One of the things that is supposed to make things like wind and solar viable is storage, something many proponents of clean energy have been faithfully ignoring. Some have been saying that all we need are more lithium-ion battery cells to make the storage batteries needed. The only problem is that there isn’t enough lithium available to do that and have enough available for lithium-ion batteries in items like smart phones, laptops, tablets, hybrid or electric cars.

If they want clean energy, then molten salt reactors are the way to go. Using thorium as its main fuel, much of the existing expended fuel from existing nuclear plants can be ‘burned’, eliminating the problems associated with long-lived radio-isotopes, the big one being safe disposal.

If fusion is ever perfected, then clean energy becomes the rule rather than the exception.


Apparently the L.A. Times has a real problem with those of us working from home wearing sweatpants while we do so.

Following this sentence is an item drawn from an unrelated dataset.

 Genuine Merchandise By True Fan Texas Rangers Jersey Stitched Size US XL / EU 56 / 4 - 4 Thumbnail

So they’re pitching a fit over work-from-home fashion? I don’t know about you, but does it really make difference? I can see being dressed nicely, at least from the waist up should a video conference take place. But from the waist down? Nope. Sweats are good enough for me and millions of others.

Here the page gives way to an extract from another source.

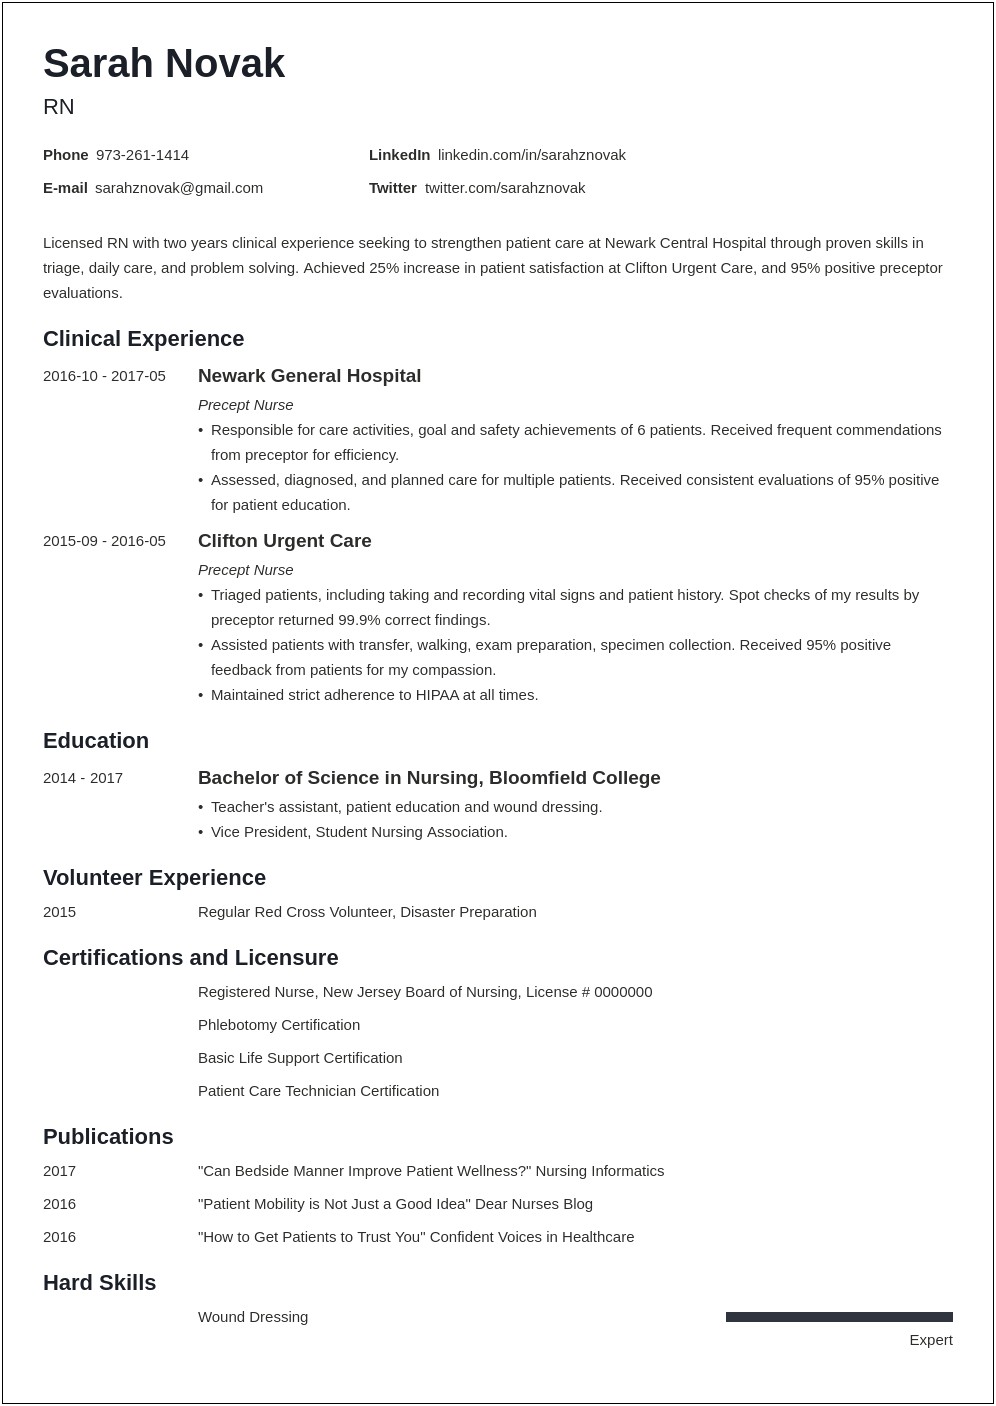 Sample Resume For Nursing Assistant Student

Claims about on oncoming “megadrought” that will affect the American Southwest that is being caused by global warming is “all wet” according to Anthony Watts.

The media this week are hyping a new study claiming global warming is causing a new megadrought in the American Southwest. In reality, the recent drought in the American Southwest is nothing new when you look at historical data.


Is the USA in a “megadrought”? Looking at April 14th 2020 data from the United States Drought Monitor, it sure doesn’t seem so. While there are indications of some drought in the USA Southwest, there seem to be equally large areas that have no drought conditions at all. And, just one year ago, there were no indications of drought in the southwest USA whatsoever. This might be why Stahle only used data through 2018, because the “no drought” year of 2019 didn’t support the claims of “megadrought”. Cherry picking anyone?

This “megadrought” is beginning to sound more like wishful thinking to sell the narrative of climate change.


One thing I find I have to circle back to is the difference in the number of Covid-19 cases in different states. While watching the morning news our local TV station listed the total number of cases in New Hampshire and neighboring Massachusetts. The differences are staggering.

First, let’s compare the population of both states. New Hampshire’s population is about 1.3 million. The population of Massachusetts is about 6.9 million, a little over 5 times that of New Hampshire.

Second, let’s look at the area and population density of both states. New Hampshire has a land area of 8,969 square miles with a population density of 145 people/square mile. Massachusetts has a land area of 7,838 square miles with a population density of 880 people/square mile, or 6 times that of New Hampshire.

Third,let us now compare the number of Covid-19 cases in both states. New Hampshire has reported 1,342 cases with 38 deaths. Massachusetts has reported 36,372 cases with 1,560 deaths. With 5 times the population of New Hampshire, Massachusetts has 27 the times the number of cases and 41 times the number of fatalities.

While population density certainly has an effect on the number of cases, one would think it would be proportional, but that hasn’t proved to be so, at least at first glance. If we break down the number of cases by county, you’d find the less densely populated counties in Massachusetts (primarily those in Western Massachusetts) have far fewer cases per capita than the more thickly settled suburban and urban counties. That’s something you’ll find in every state.

The point of all of this?

Maybe it’s time to back off on the restrictions placed on the residents in the more rural counties across the nation because they really don’t live under the same conditions as those in the more heavily populated counties.


And that’s the news from Lake Winnipesaukee, where tree pollen has been flying, more boats are appearing on the lake every day, and where people hope things will be opened up in time for summer.